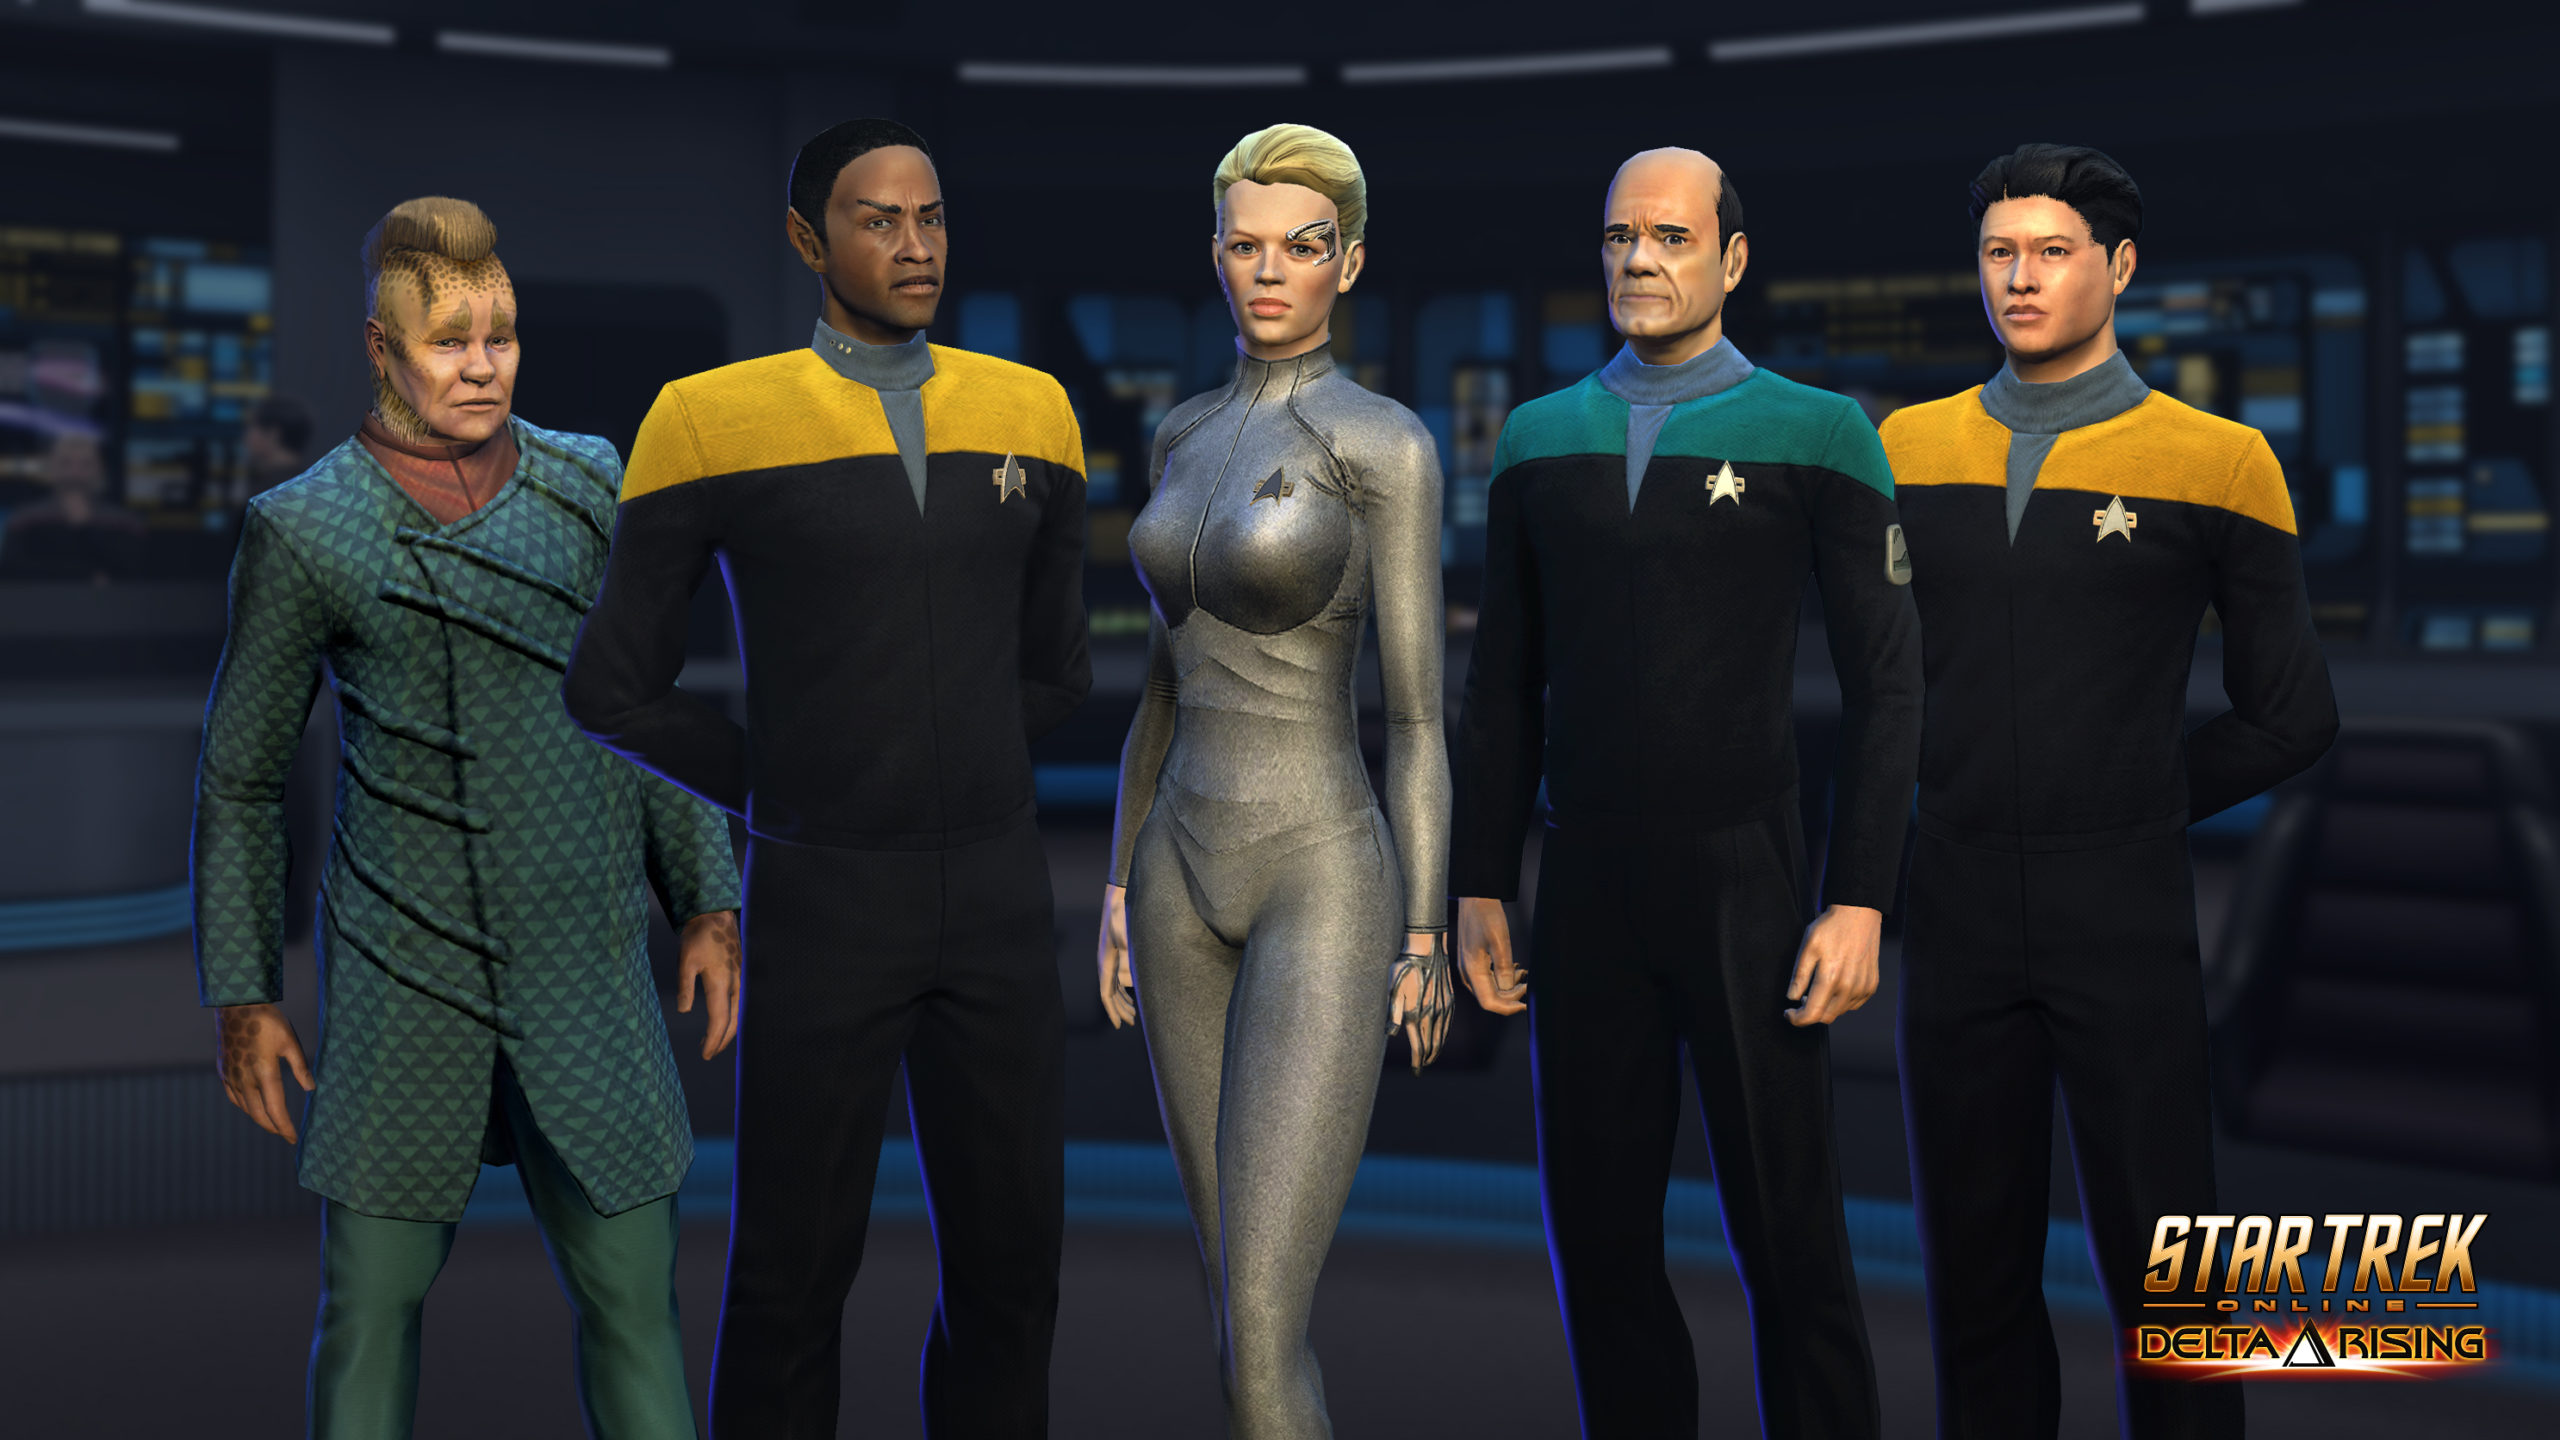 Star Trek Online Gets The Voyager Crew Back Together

==

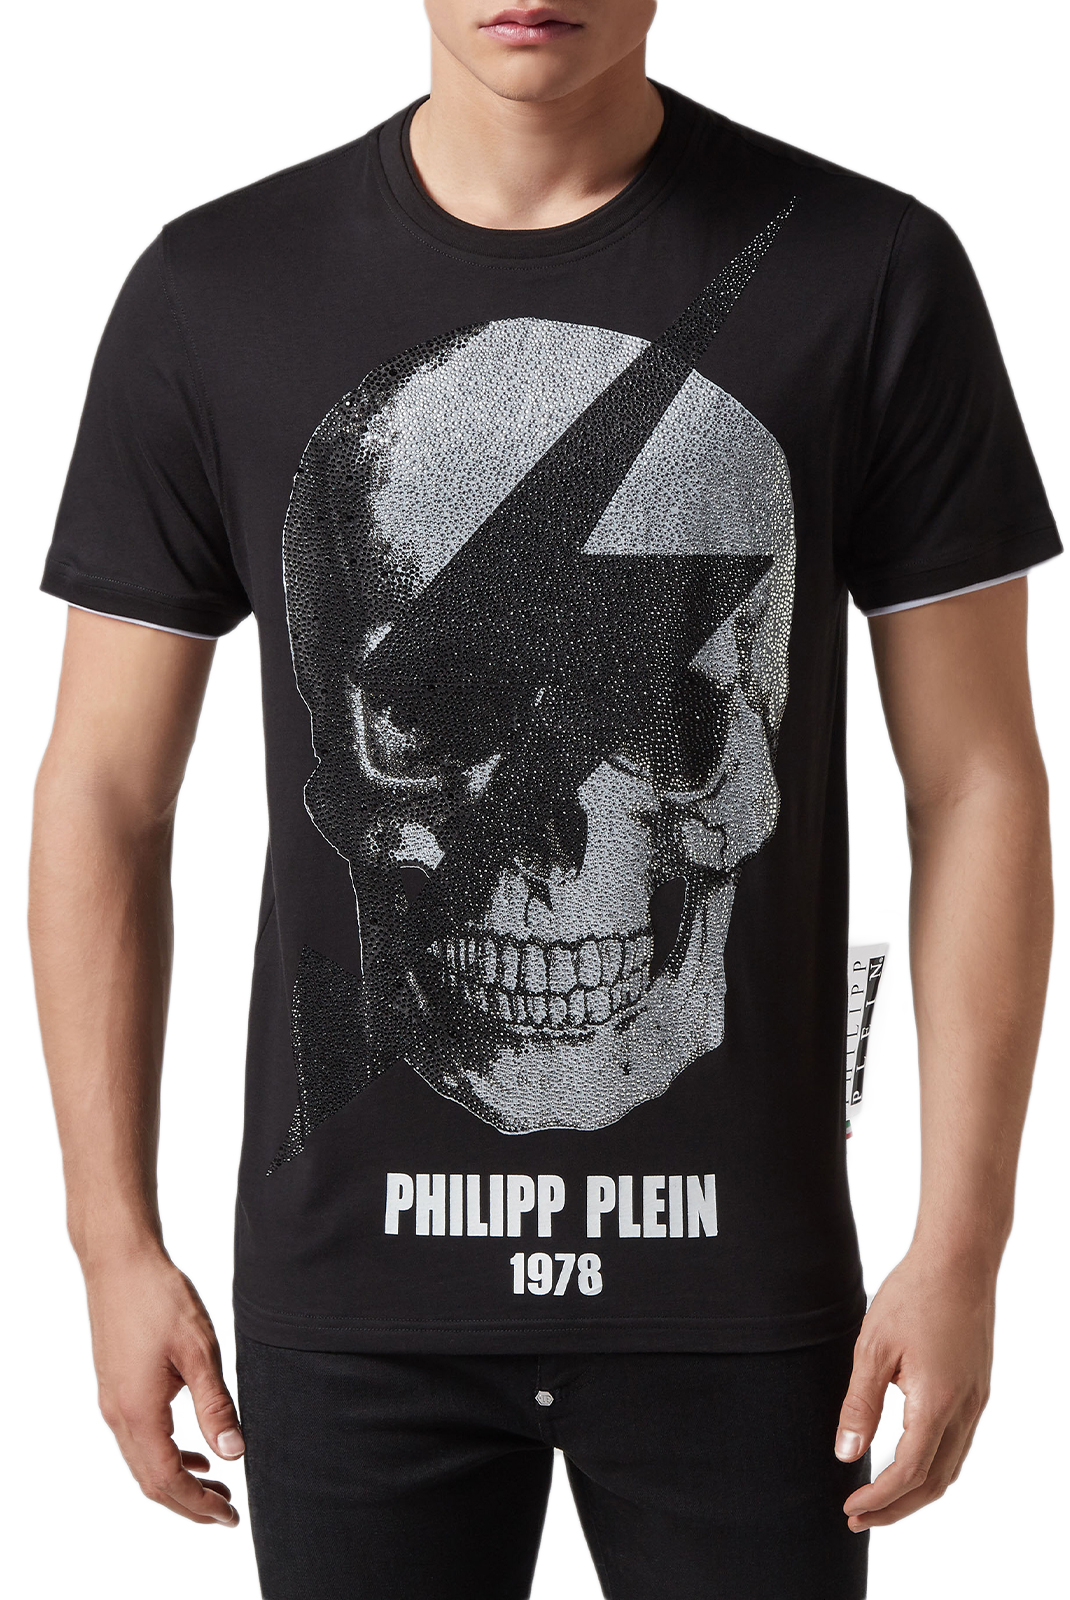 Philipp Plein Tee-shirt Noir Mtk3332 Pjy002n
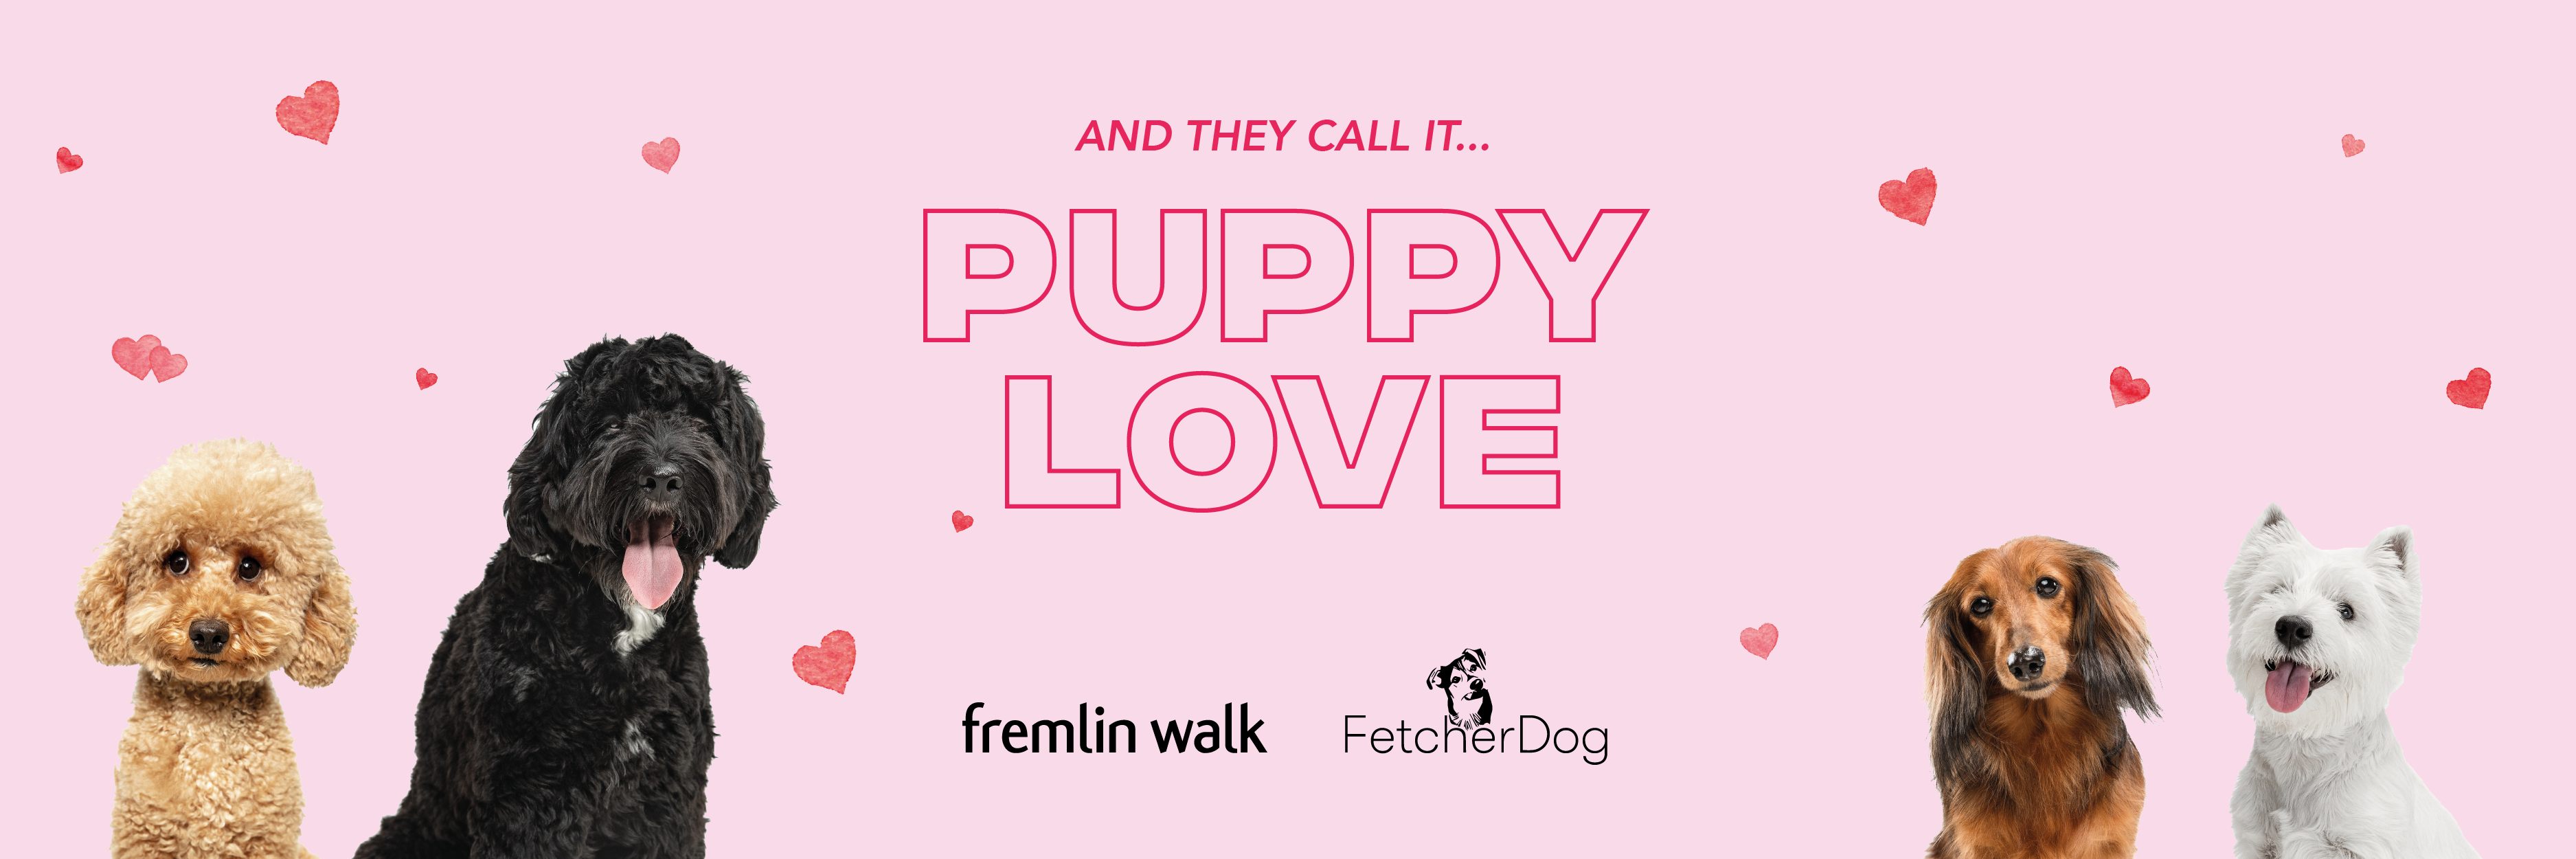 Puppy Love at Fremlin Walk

...

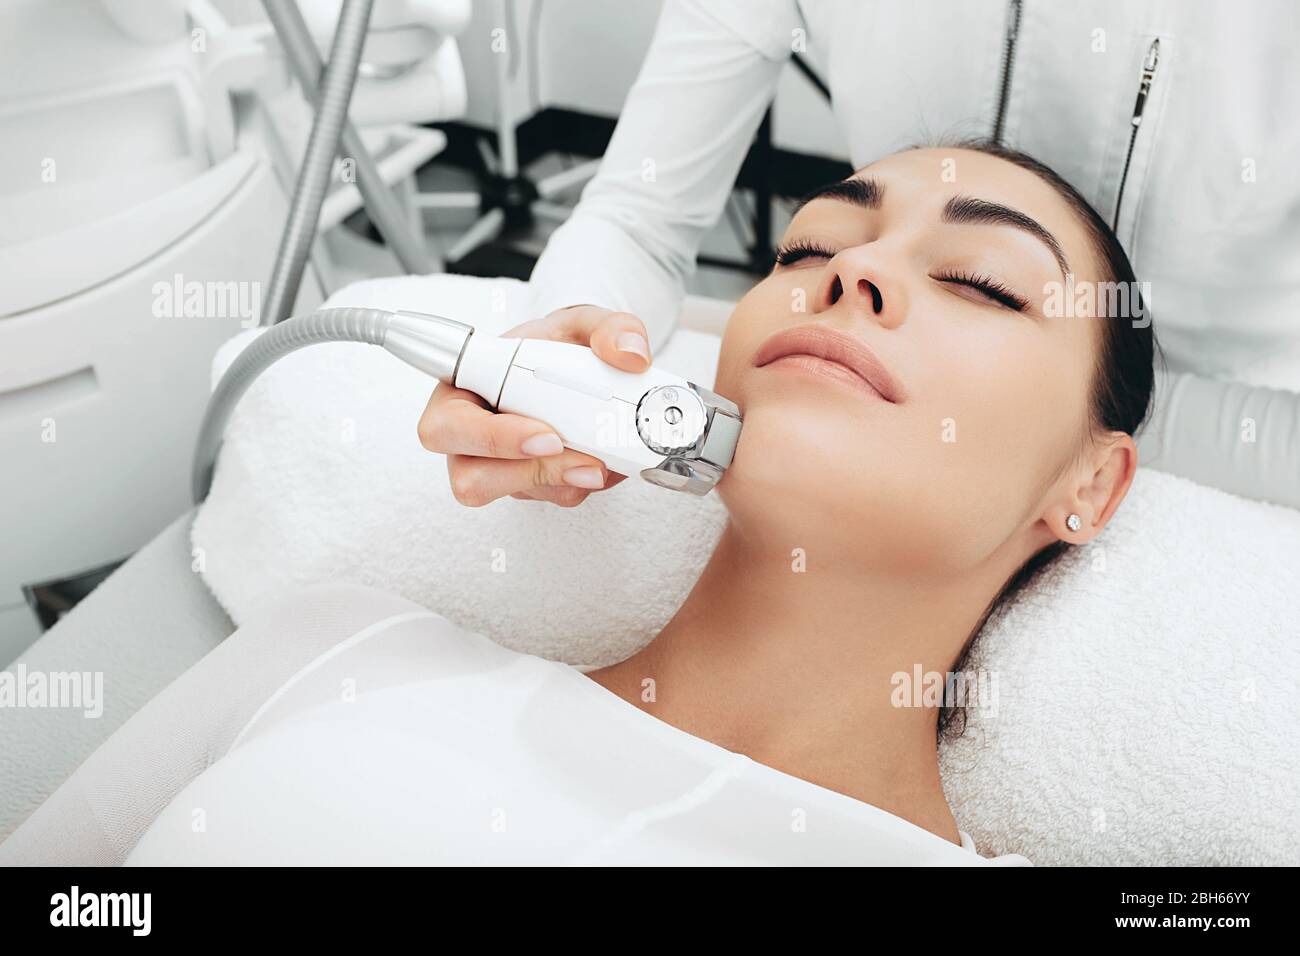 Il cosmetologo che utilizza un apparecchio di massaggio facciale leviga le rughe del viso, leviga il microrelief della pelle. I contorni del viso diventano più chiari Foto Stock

● YOUR TASK
The answer is the lines above from the one with "Philipp Plein Tee-shirt Noir Mtk3332 Pjy002n" to the one with "Puppy Love at Fremlin Walk", set down exactly, with no pictures.

● TASK ANSWER
 Philipp Plein Tee-shirt Noir Mtk3332 Pjy002n
 Puppy Love at Fremlin Walk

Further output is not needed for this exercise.